With the hurricane season underway, residents say they are concerned about the company’s slow response to power outages.

“It’s scary,” said Claudio-Betancourt. “It’s really a life and death situation to lose electricity, and I don’t see them reacting quickly enough.”

An investigation by the Center for Investigative Journalism in Puerto Rico indicated that most deaths from Hurricane Maria can be linked to lack of electricity.

When Hurricane Maria hit the island in 2017, it cut off electricity and all communications throughout the island. It took almost a year to restore electricity to the whole island. The official death toll from the storm is 2,975, according to the government of Puerto Rico.

Ahead of the start of the hurricane season this year, the Puerto Rican government held a press conference on May 26 on the contingency plan for a potential storm.

In the statement, LUMA CEO Wayne Stensby said the company stands ready to work alongside the government to deal with any potential natural disasters.

In a public motion with the Puerto Rico Energy Bureau, LUMA said the company has sufficient inventory, including trucks and employees, to deal with a Category 2 storm. More details on an emergency plan were also submitted by LUMA.

“We are ready to put customers first as our obligations,” Stensby said at the May 26 press conference.

But in recent weeks, residents, including Claudio-Betancourt, said they had been told by call center workers that LUMA did not have enough equipment to deal with rural areas of the island.

Claudio-Betancourt has a residence in Las Marias, Puerto Rico, located in the central west of the island. His residence has been without electricity for weeks. She called to report the situation, but LUMA was unable to process the complaint, she said.

“They said, ‘We don’t have enough linemen in this area.’ Then I personally went to the offices in San Sebastian and they said, ‘We don’t have the trucks to fix the electricity,’ ”Claudio-Betancourt told ABC News.

LUMA representative Perez Velez reiterated that the company has the staff and tools to deal with ongoing outages.

” We are ready. We have the capacity and the people to meet the needs of our island. We’re going to deal with any possible atmospheric event in the most organized way, ”he told ABC News.

Amid the wave of complaints against the new company, Governor Pierluisi told ABC News his team spoke to LUMA Energy to make registrations and demand responses if necessary.

“We will be vigilant, we will do the surveillance, and there is a good plan in place to deal with a disaster,” Pierluisi said.

Although the governor believes that LUMA Energy has more resources than when PREPA managed the transmission and distribution of the system, he admitted that the company needed more equipment.
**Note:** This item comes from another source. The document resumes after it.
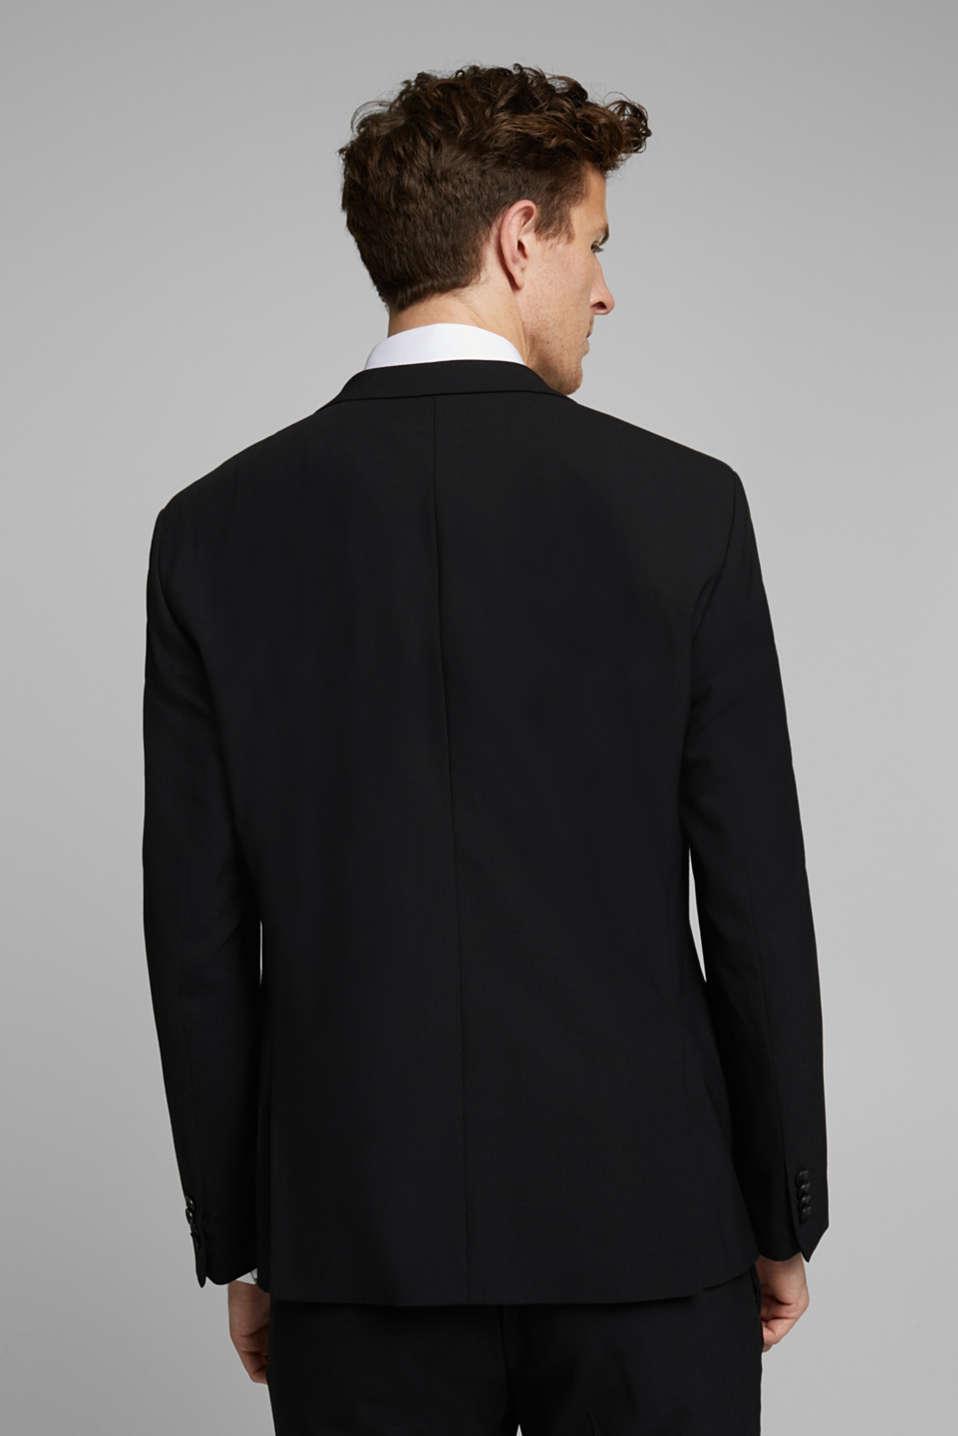 ACTIVE SUIT tailored jacket, wool blend, BLACK, detail image number 3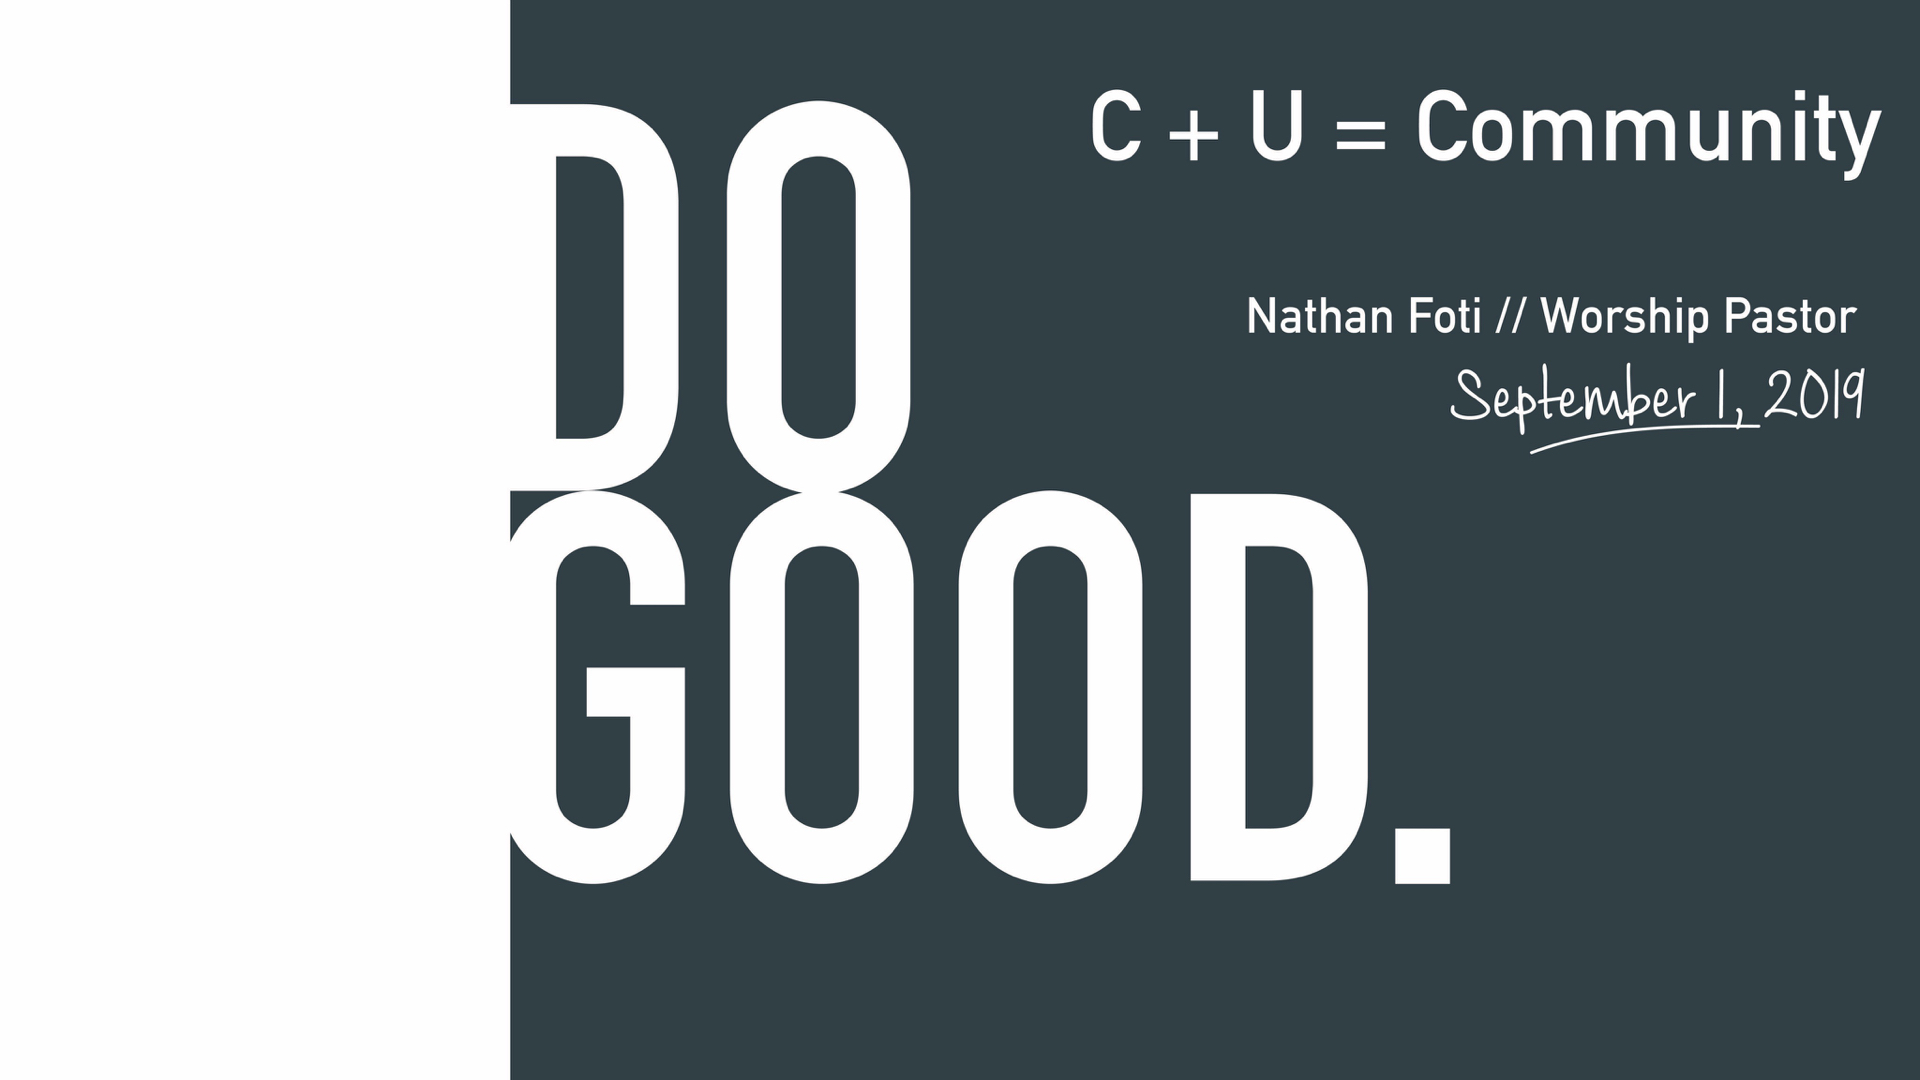 09-01-19 - DG - C + U = Community copy.001.jpeg

“They are making alliances as we speak, they are making memoranda of understanding [memorandum of understanding] with mayors to complement what they do, and they also make alliances with power companies and elsewhere in the states to help them. God forbid, we’ll have another natural disaster here in Puerto Rico, ”the governor added.

Despite LUMA’s statements and the governor’s remarks, residents remain skeptical about the stability of the island’s electricity system and the response they could get in the event of a potential emergency.

“Maria was in Category 4. What will they do if Category 4 comes in? Will they let us die? asked Claudio-Betancourt.